Além de não desistirem, assumiram - para espanto dos defensores da mão que, embora se imagine invisível, sempre deixa impressões profundas nos cofres públicos - o centro do debate depois que se tornou evidente a necessidade de refrear os ideólogos especializados em promover a perpétua alternância entre bolhas de euforia e crises de pânico. Estão em evidência também por que, silenciosamente, os "desenvolvimentistas" já empolgam o governo Lula.
Desde o título, o livro que está sendo lançado pela editora Campus-Elsevier tem a audácia de ser, sem aspas, desenvolvimentista e keynesiano. "Economia do Desenvolvimento - Teoria e Políticas Keynesianas"(*) reúne a nata dos pensadores que ousam discordar do "mercado" e que provêm das melhores escolas de economia. Todos eles foram reunidos no seminário internacional "Políticas Econômicas para o Financiamento do Desenvolvimento: Setenta Anos da Teoria Geral", realizado no Rio de Janeiro em outubro de 2006.
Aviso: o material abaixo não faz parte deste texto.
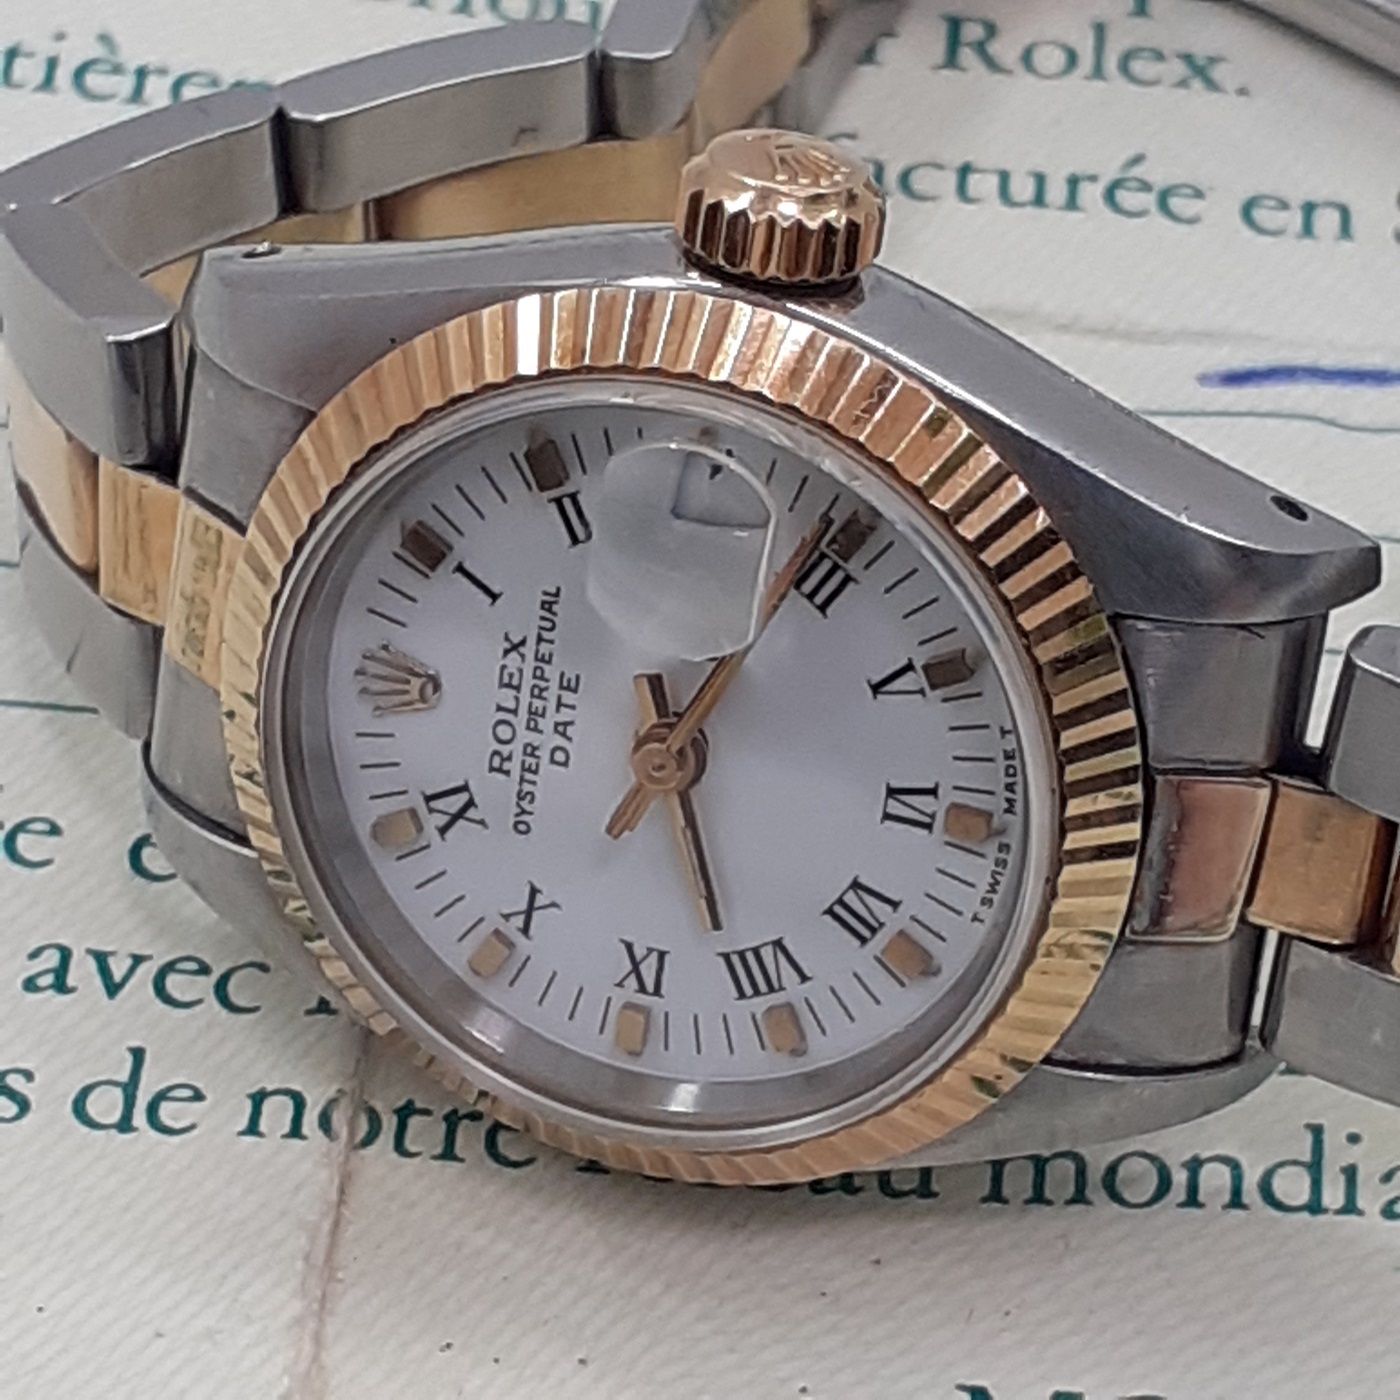 Rolex 69160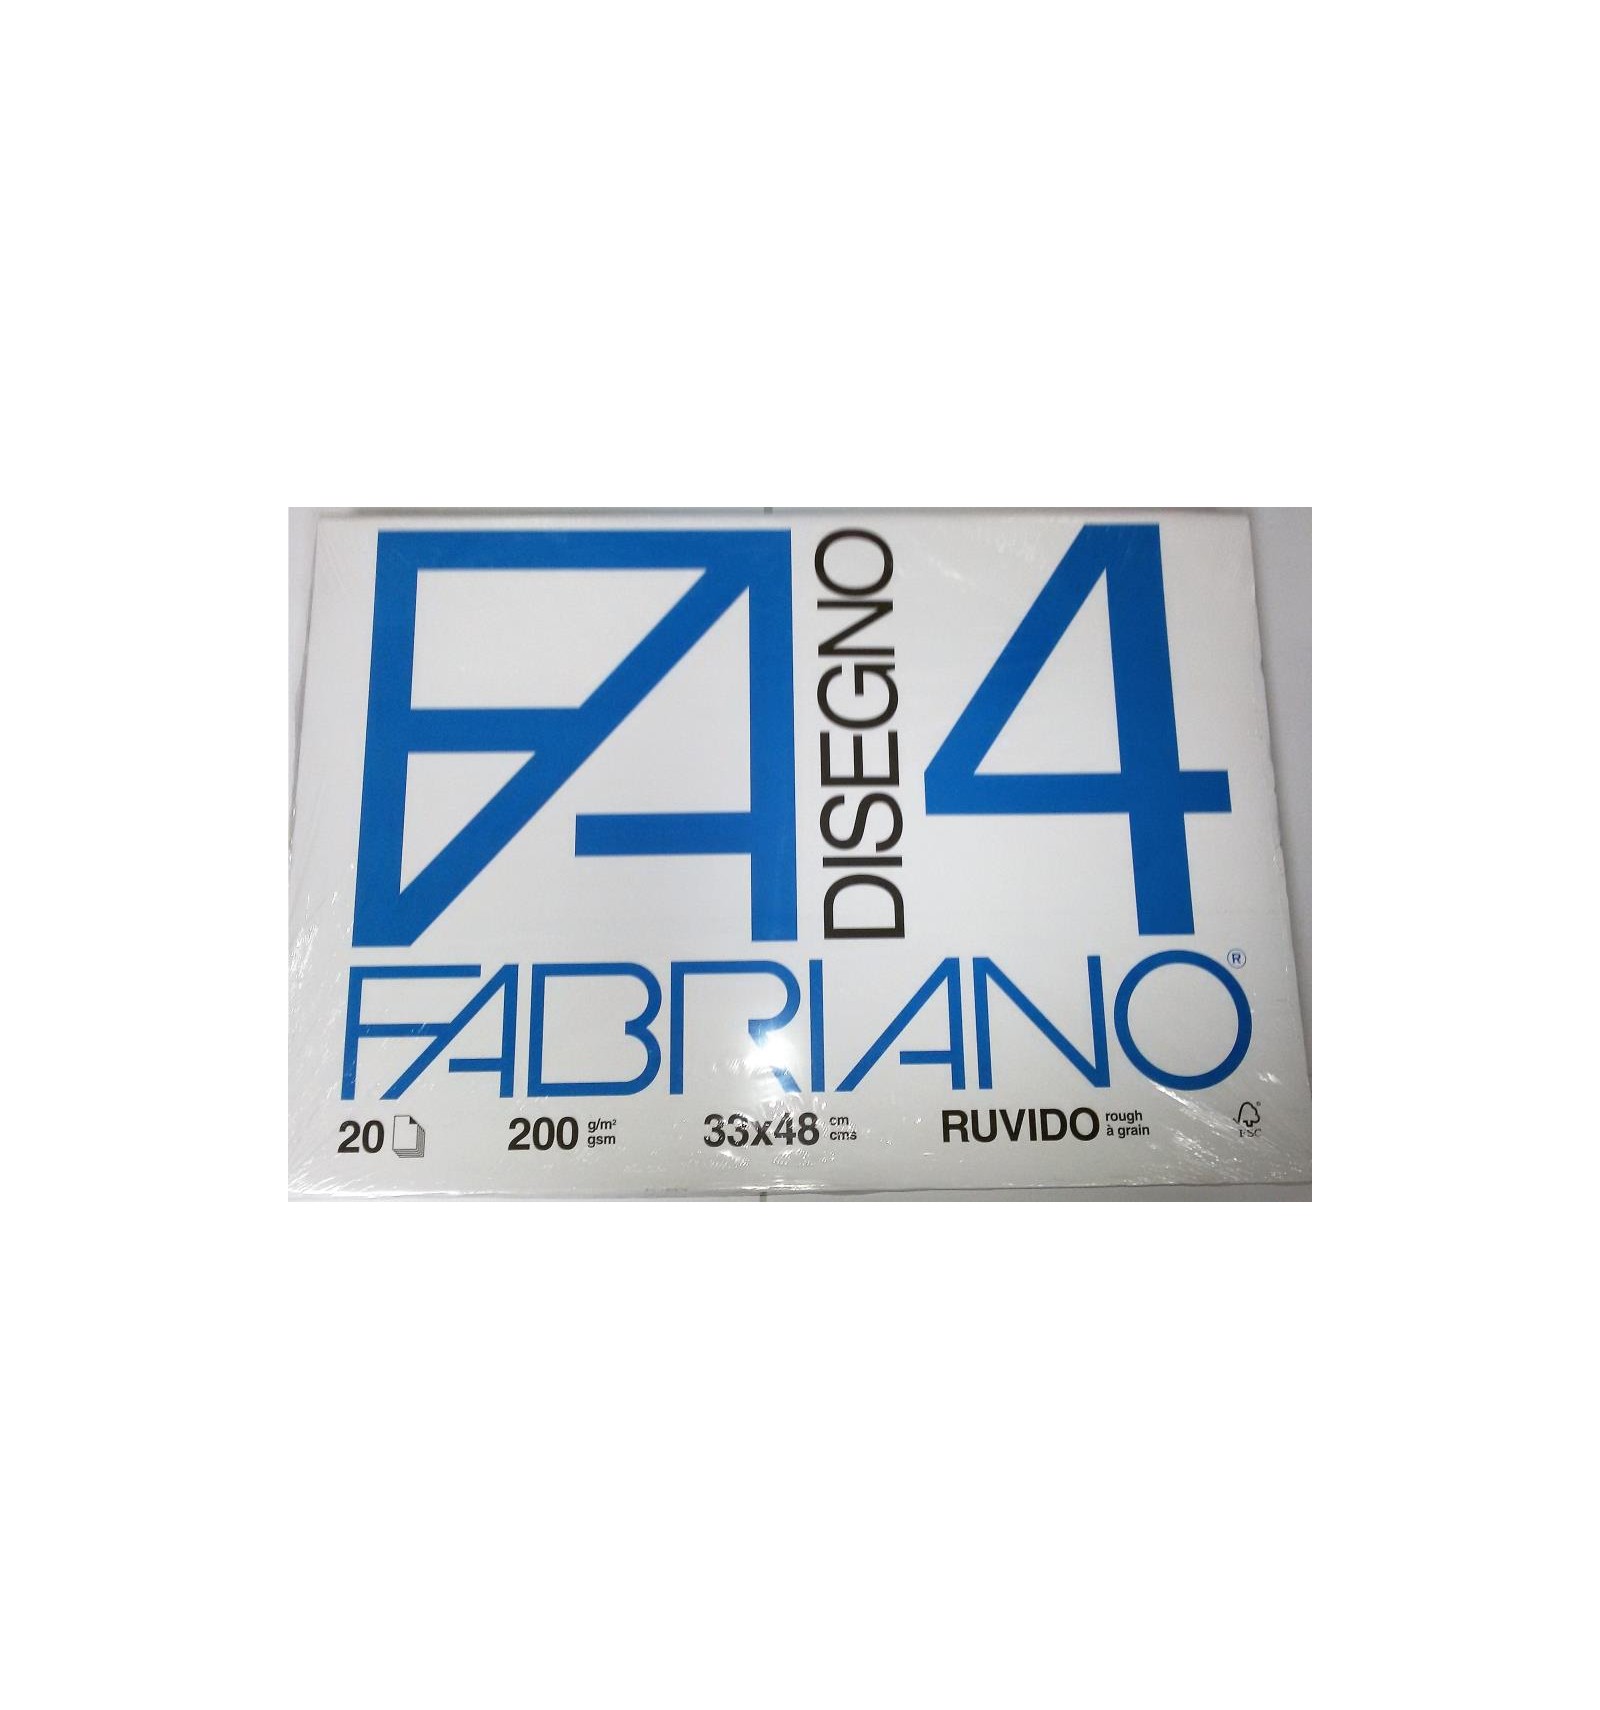 FABRIANO F4 RUVIDO 33x48

Keynes, em sua essência, defende, portanto, o oposto da economia de mercado - aquela da "mão invisível" nos cofres públicos. Patriota, sem ser nem isolacionista nem xenófobo, o lorde inglês percebia, no dizer do professor Fernando Cardim de Carvalho, do IE-UFRJ, que "os Estados nacionais ainda são os mais eficientes garantidores dos interesses das sociedades que representam". Neste momento em que se agudiza o debate sobre os limites éticos, morais e legais da globalização financeira, o princípio keynesiano da soberania e autonomia dos Estados nacionais tem lugar de honra.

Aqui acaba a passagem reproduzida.